I would like to calculate by customer_id
the num_opens_at_campaign_send
. This is dependant on the number of campaigns a customer has opened prior to each campaign being sent.
I can't figure out the best approach to do this in pandas, so any help would be appreciated. I'm thinking a groupby customer_id
and an apply
function to compare each campaign_sent
date with all other dates in that column, but I'm unsure of the precise method to get the row counts to calculate the number of campaigns a customer has opened at the time of each campaign send.
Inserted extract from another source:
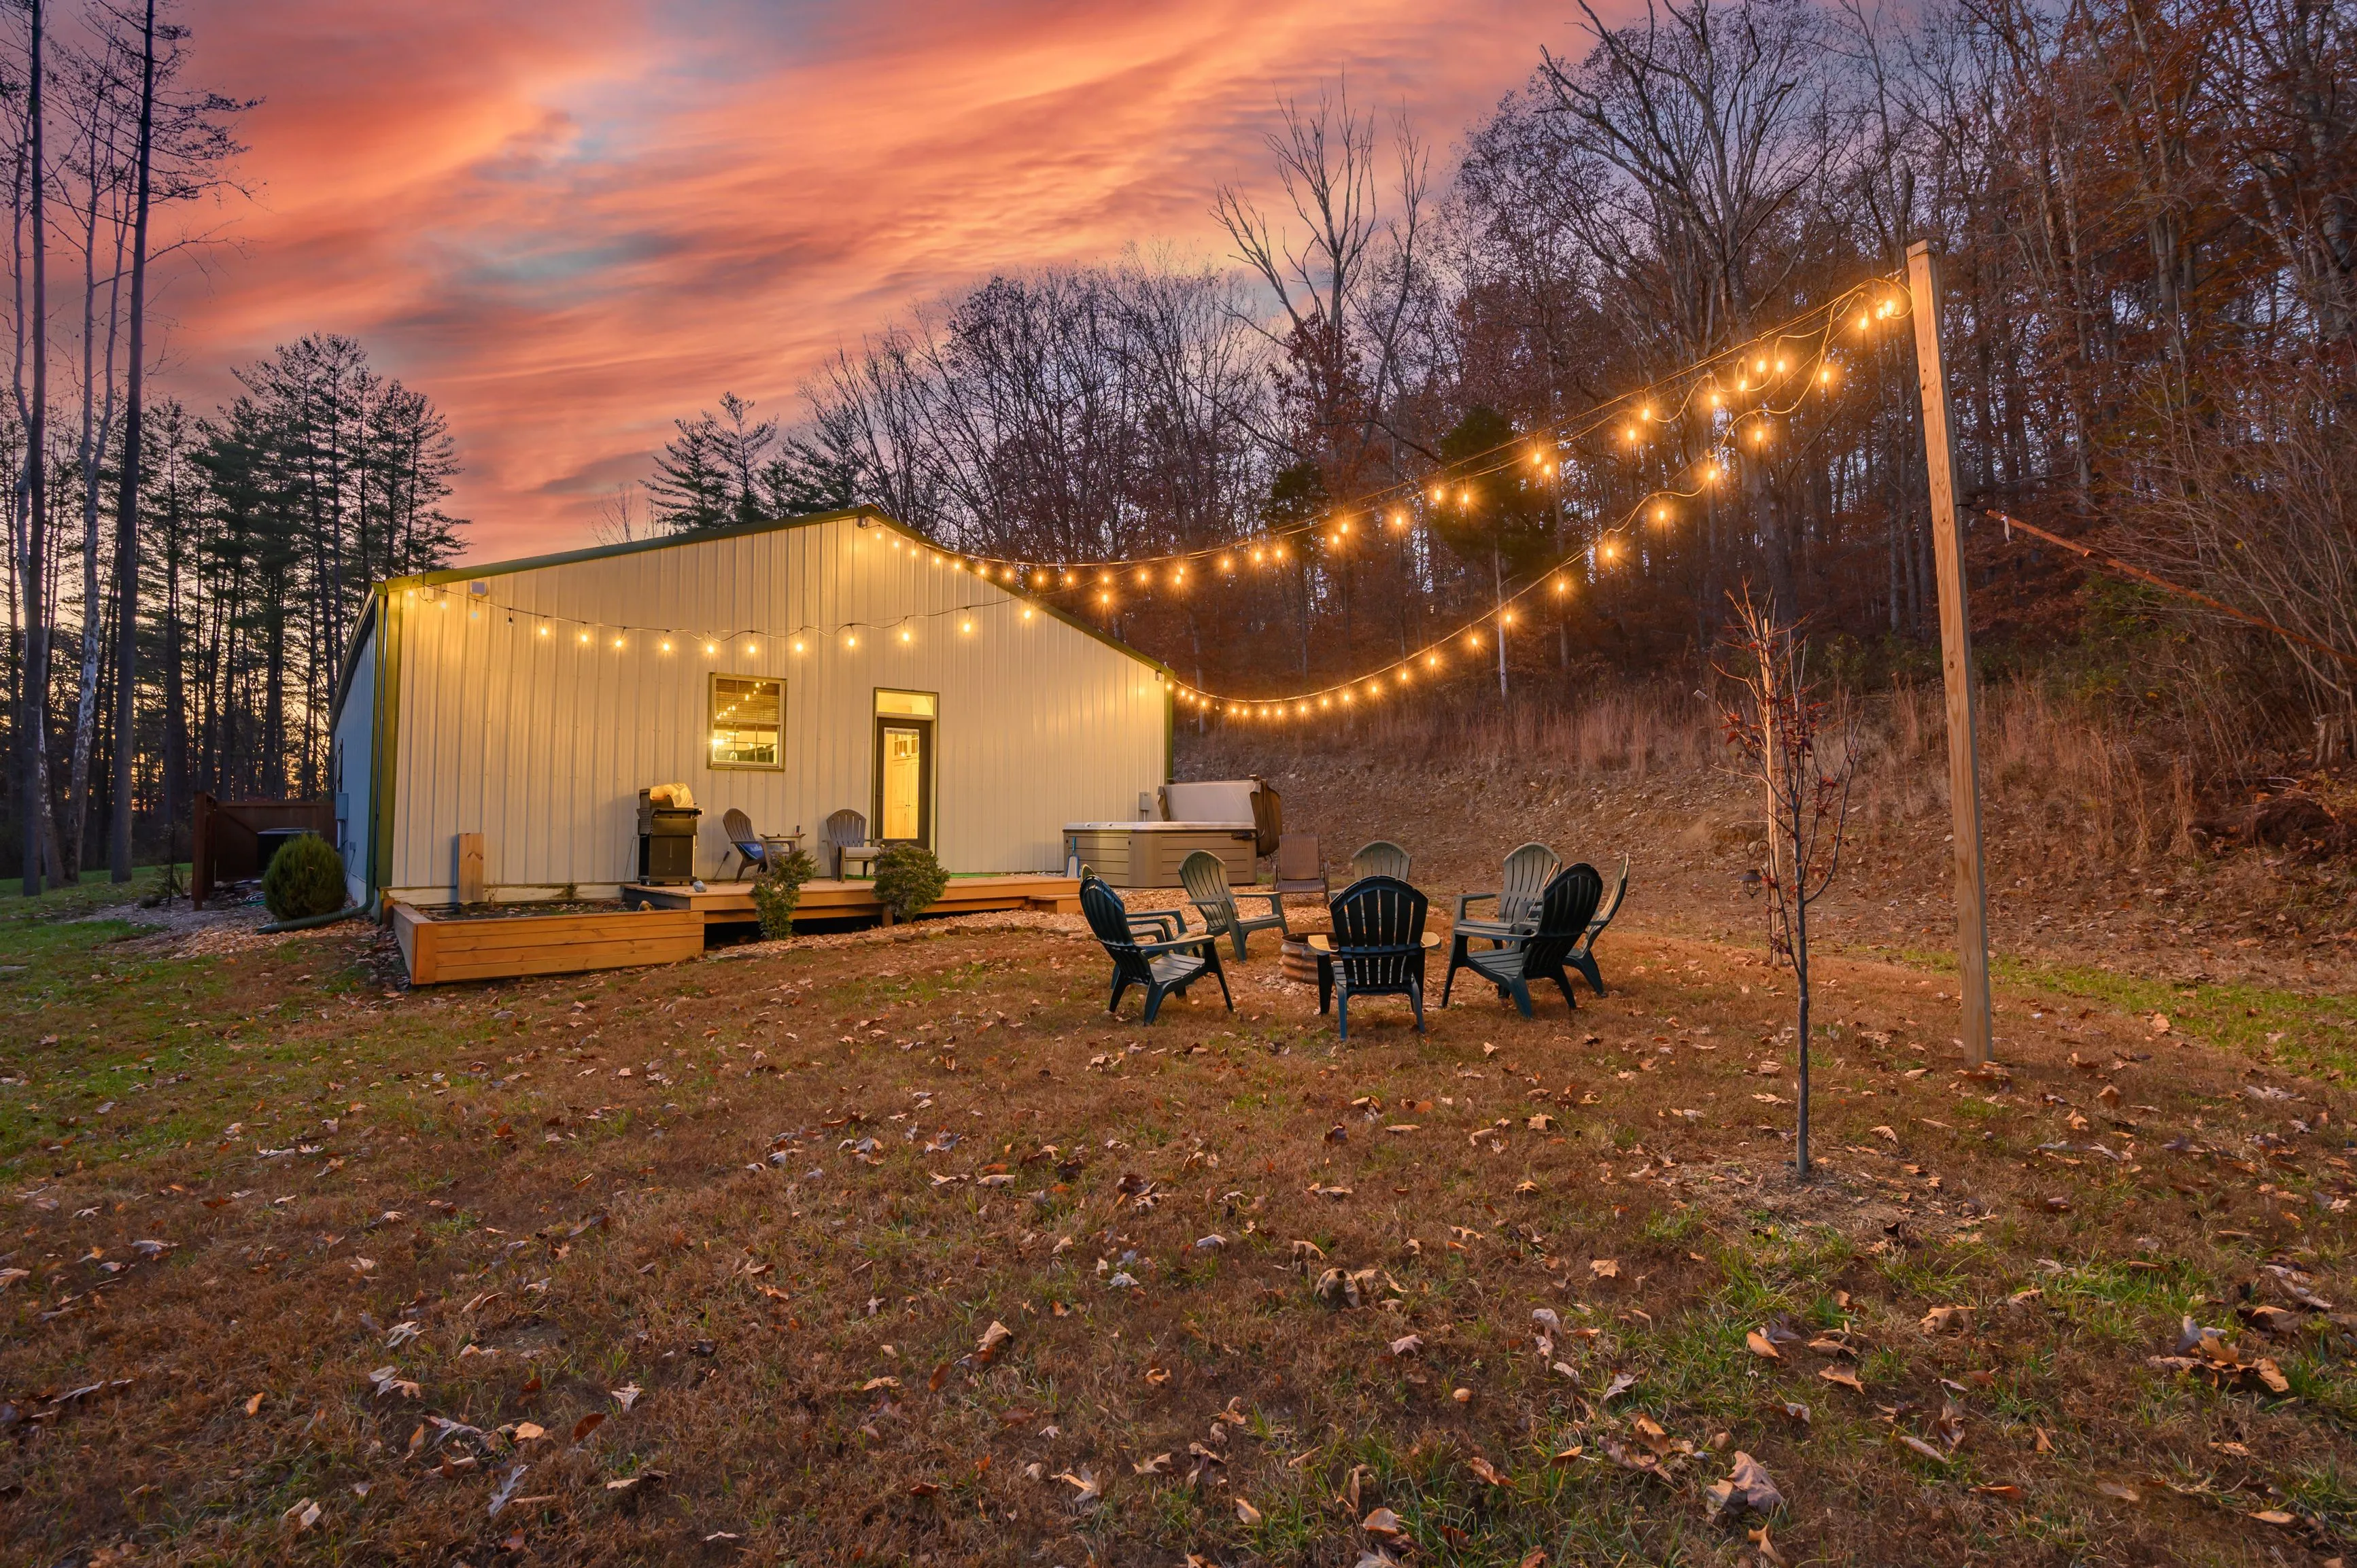 A cozy outdoor seating area with string lights at twilight in front of a modern tiny house.
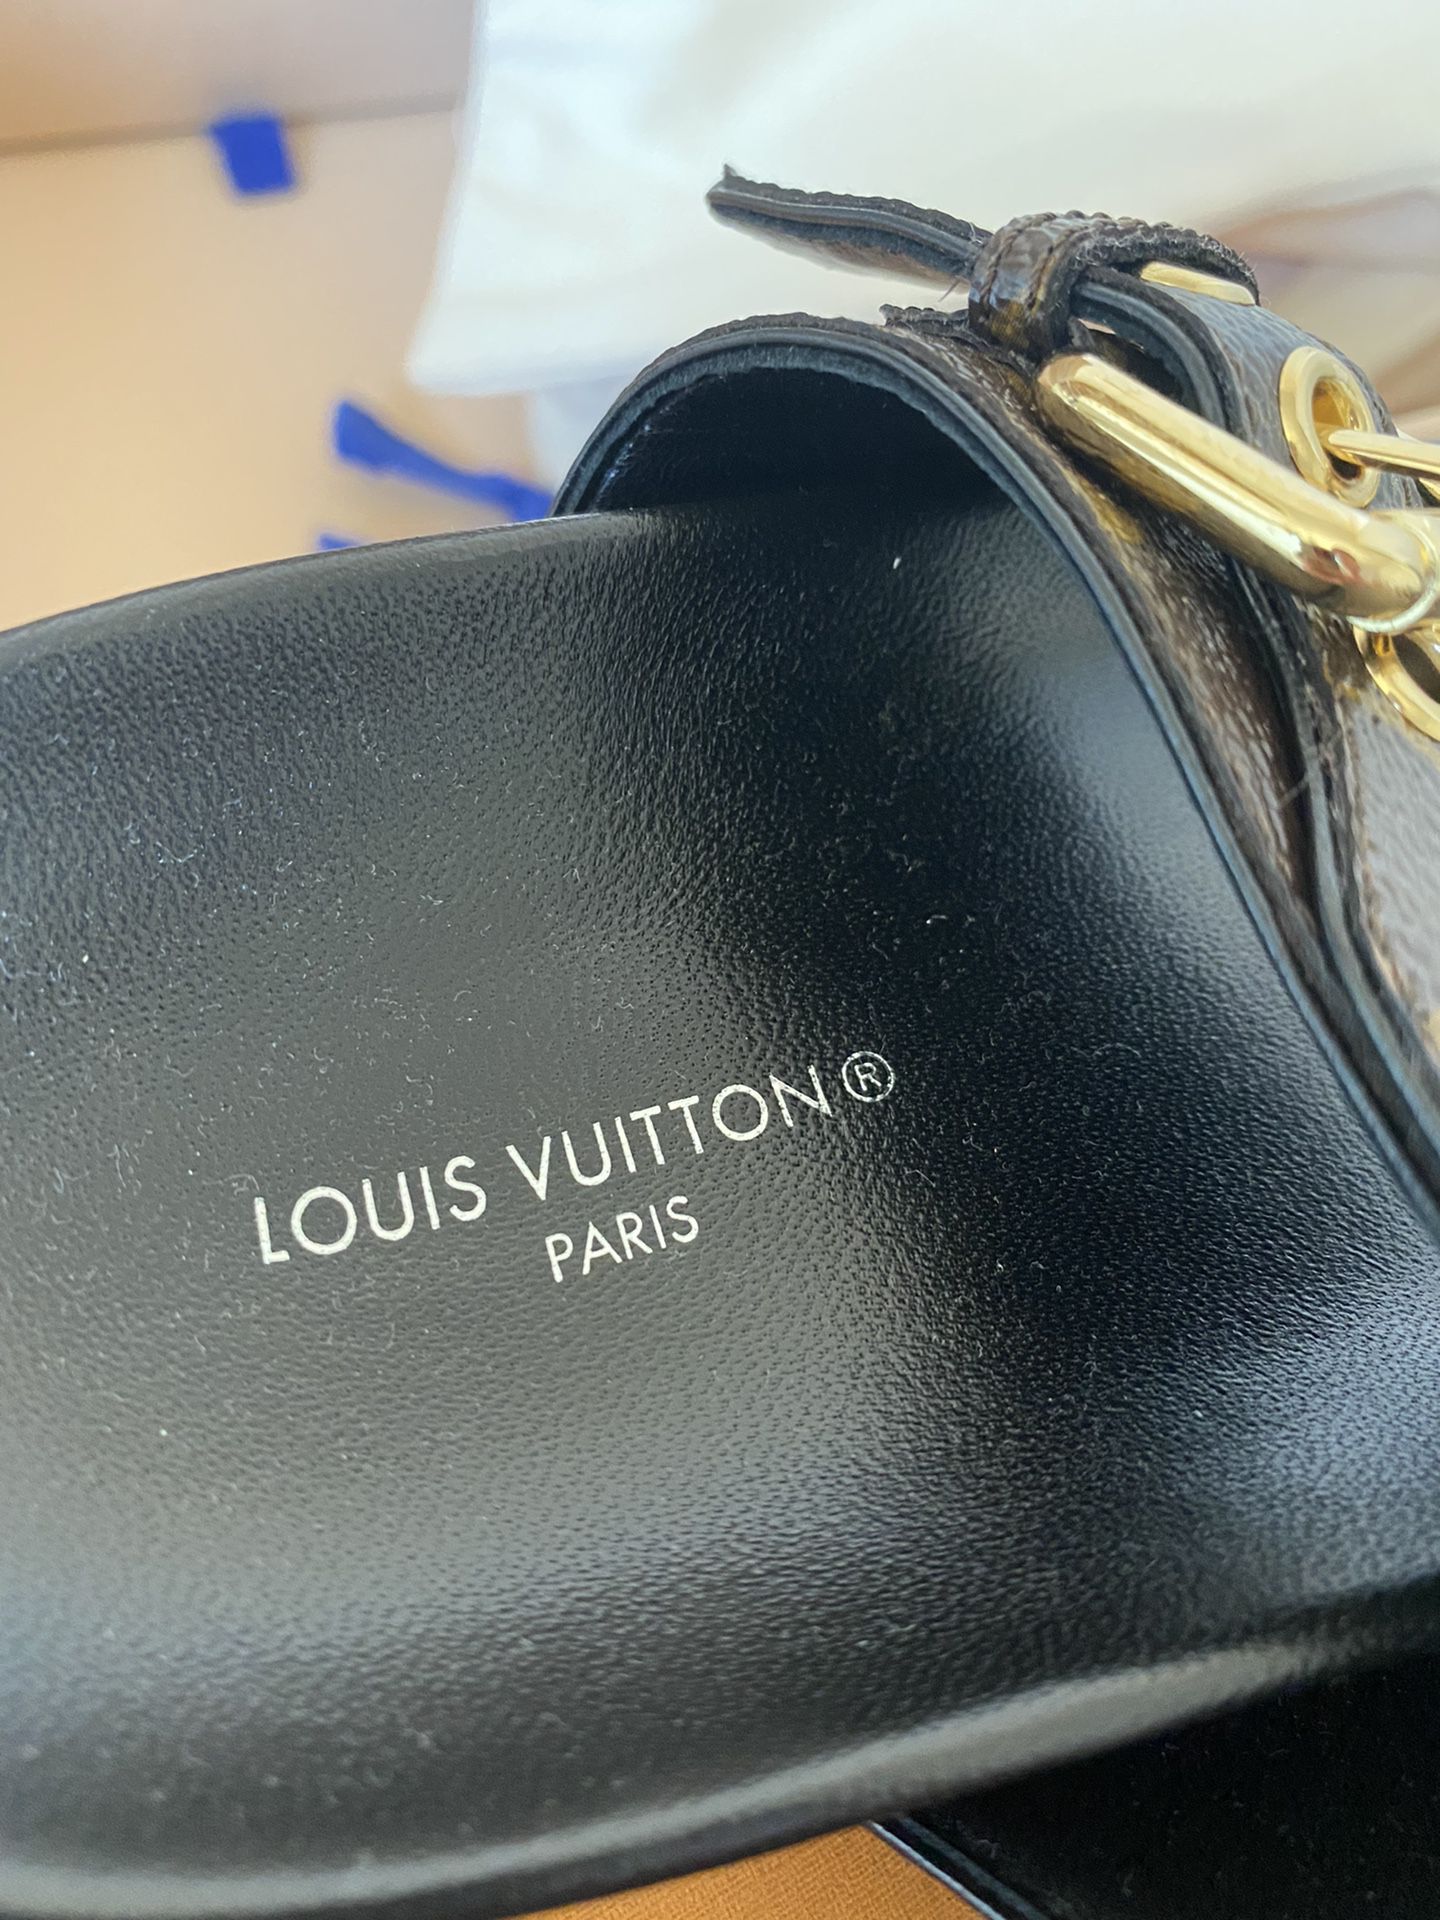 Louis Vuitton Bom Dia Shearling Black Flat Mules - Sold Out/Rare - Us size 6

The dataframe is as follows:
customer_id | campaign_id | campaign_sent | opened |
---|---|---|---|
a | 1234 | 2021-01-01 | True |
b | 1234 | 2021-01-01 | True |
c | 1234 | 2021-01-01 | False |
a | 2222 | 2021-02-01 | True |
b | 2222 | 2021-02-01 | False |
c | 2222 | 2021-02-01 | True |
a | 3333 | 2021-03-01 | True |
b | 3333 | 2021-03-01 | False |
c | 3333 | 2021-03-01 | True |
The desired output is:
customer_id | campaign_id | campaign_sent | num_opens_at_campaign_send |
---|---|---|---|
a | 1234 | 2021-01-01 | 0 |
b | 1234 | 2021-01-01 | 0 |
c | 1234 | 2021-01-01 | 0 |
a | 2222 | 2021-02-01 | 1 |
b | 2222 | 2021-02-01 | 1 |
c | 2222 | 2021-02-01 | 0 |
a | 3333 | 2021-03-01 | 2 |
b | 3333 | 2021-03-01 | 1 |
c | 3333 | 2021-03-01 | 1 |
So for the first campaign num_opens_at_campaign_send
is 0 for all because there were no campaigns prior to it.
As an example customer_id
'b' has 1 open when campaign_id
3333 is sent because they opened the first campaign (1234) but did not open the second campaign (2222) email.